High-flying online fashion retail firm Boohoo Group (LSE: BOO) trades on a mighty historic price-to-earnings (P/E) ratio close to 90. However, City analysts’ forecasts of double-digit increases in earnings over the next couple of years bring the forward P/E rating down to a ‘mere’ 49 or so for the trading period to February 2020.
High stakes
At a valuation like that, the stakes are high, and any slip in earnings will bring a sharp share-price reversal. We’ve seen it many times. Expectations are everything with fast-growing firms. Miss the earnings projection and it’s ‘look out below!’ Yet Boohoo is growing like mad and there’s no sign of any weakness whatsoever in the firm’s financial performance. Maybe it’s worth its high valuation and will go on to reward its investors handsomely in the years to come.

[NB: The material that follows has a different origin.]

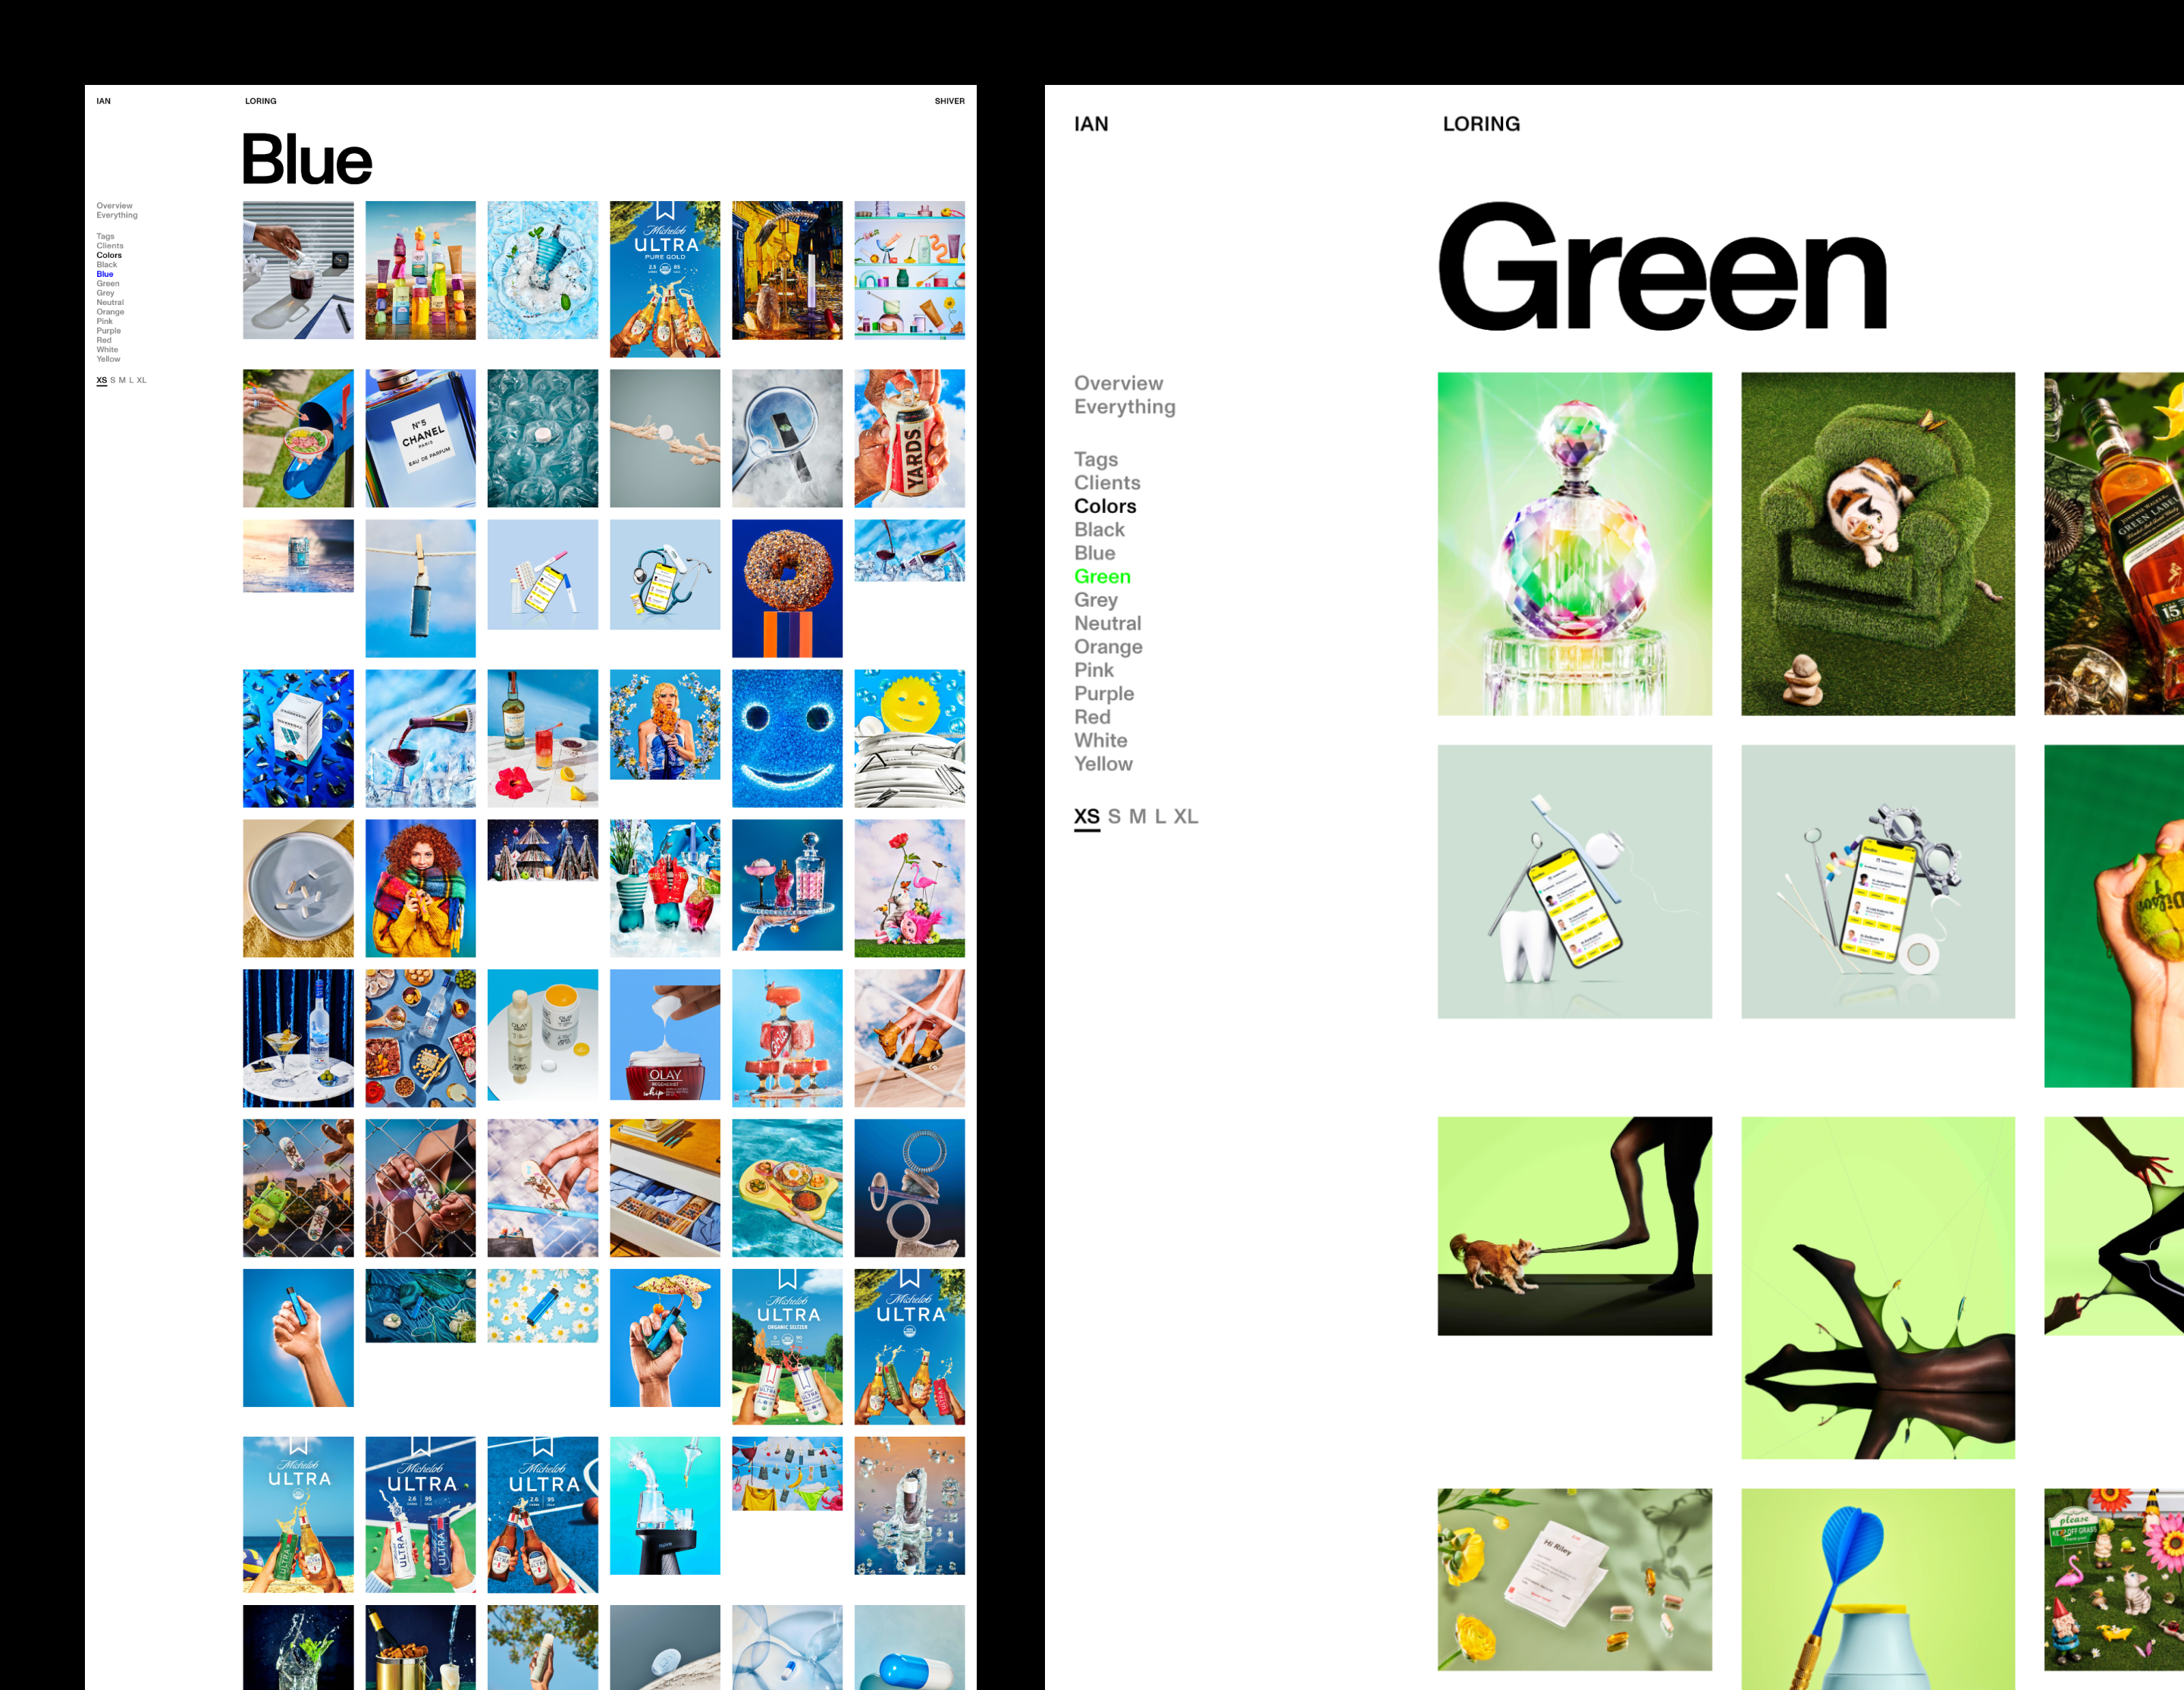 ian loring shiver portfolio website tagged by Blue and Green colors

I think there probably is a fair bit of upside left for investors in Boohoo, but you’ll need a strong constitution to ‘hold’. However, if the valuation puts you off you may wish to consider Ted Baker (LSE: TED) instead, which owns and operates what it describes as a “global lifestyle brand.”
The firm has grown from a single shirt specialist store in Glasgow and now sells clothes for men, women and children along with fragrance and accessories. Today, there are around 201 stores or concessions or outlets in Britain, 116 in Europe, 129 in North America, 89 in the Middle East, Asia and Africa regions, and nine in Australasia. There’s no sign that the expansion programme is running out of steam either. In fact, the opposite is true.
Expansion on track
Today’s interim results revealed that in the first half of the trading year the firm opened two new stores in the UK, three in the US, two in Germany and one in France, as well as gaining concessions with “leading department stores” in the UK, Europe and North America and establishing licensees in India, Kazakhstan, Malaysia, Mexico, Singapore, Taiwan and Ukraine. Despite such progress, the shares have plunged around 10% today as I write, so why is that?

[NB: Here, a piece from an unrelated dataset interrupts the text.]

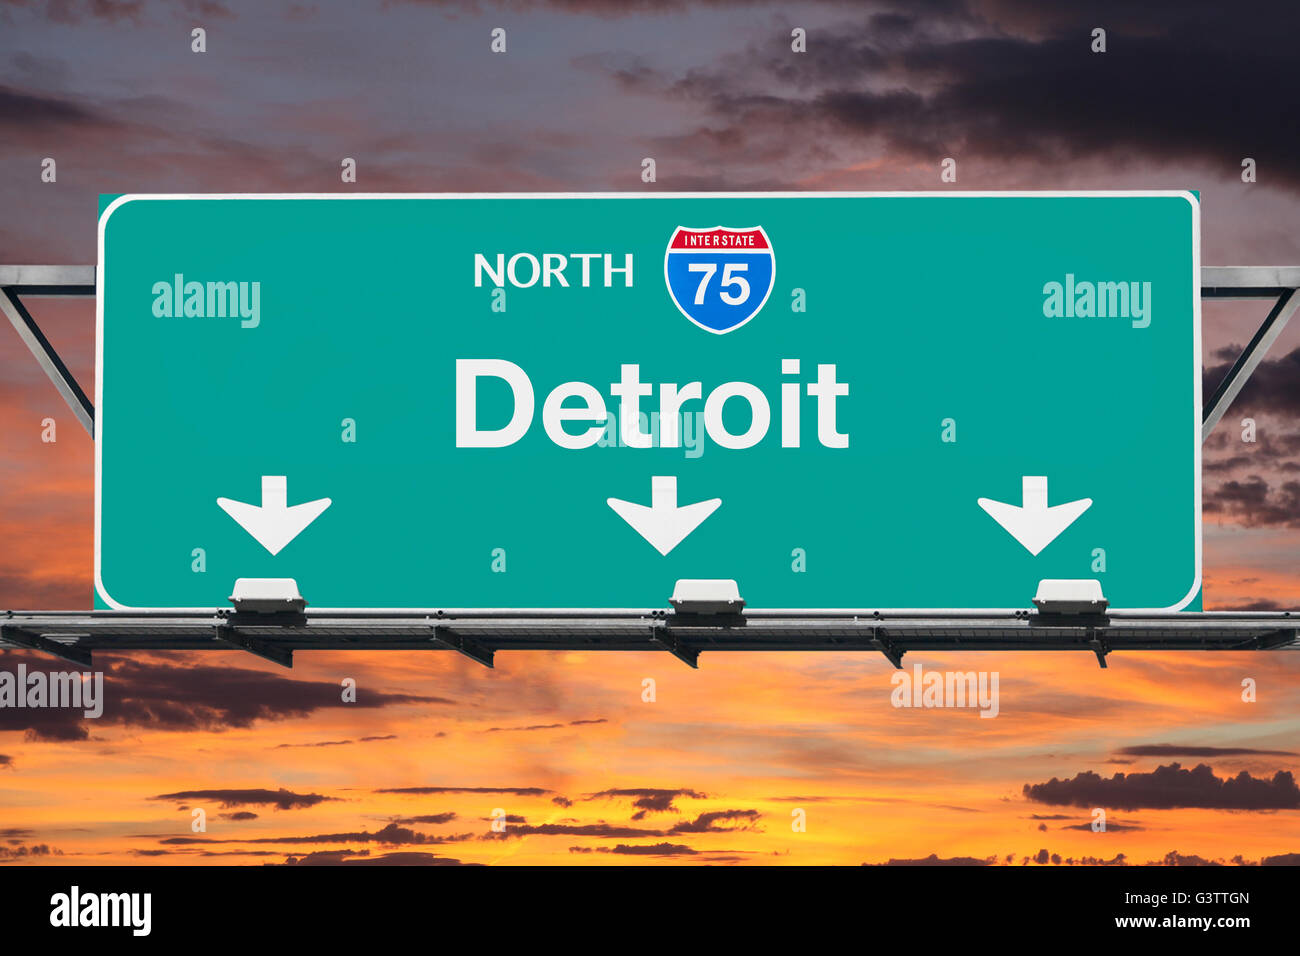 Detroit Michigan Interstate 75 north highway sign with sunrise sky. Stock Photo

The figures are quite good. Revenue rose 3.5% compared to the equivalent period last year and adjusted earnings per share moved 5% higher. The directors even expressed their vote of confidence in the outlook by pushing up the interim dividend by 7.8%. The ‘problem’ as I see it is in the outlook statement. Chief executive Ray Kelvin CBE said in the report that he expects the second half of the year to “remain challenging” because of “external factors.”
However, conditions have been challenging in the retail sector for some time, but Ted Baker posted a 1.8% fall in unadjusted earnings per share today, and I reckon the stock market is in an unforgiving mood right now. Nevertheless, the growth story remains on course, and I see share price weakness now as an opportunity to grab a piece of the long-term potential on better terms. With the share price close to 2,076p, the forward P/E for the trading year to January 2020 sits just under 13 and the forward dividend yield is a little below 3.7%. Meanwhile, City analysts expect earnings to grow at around 10% a year. I think the stock is attractive.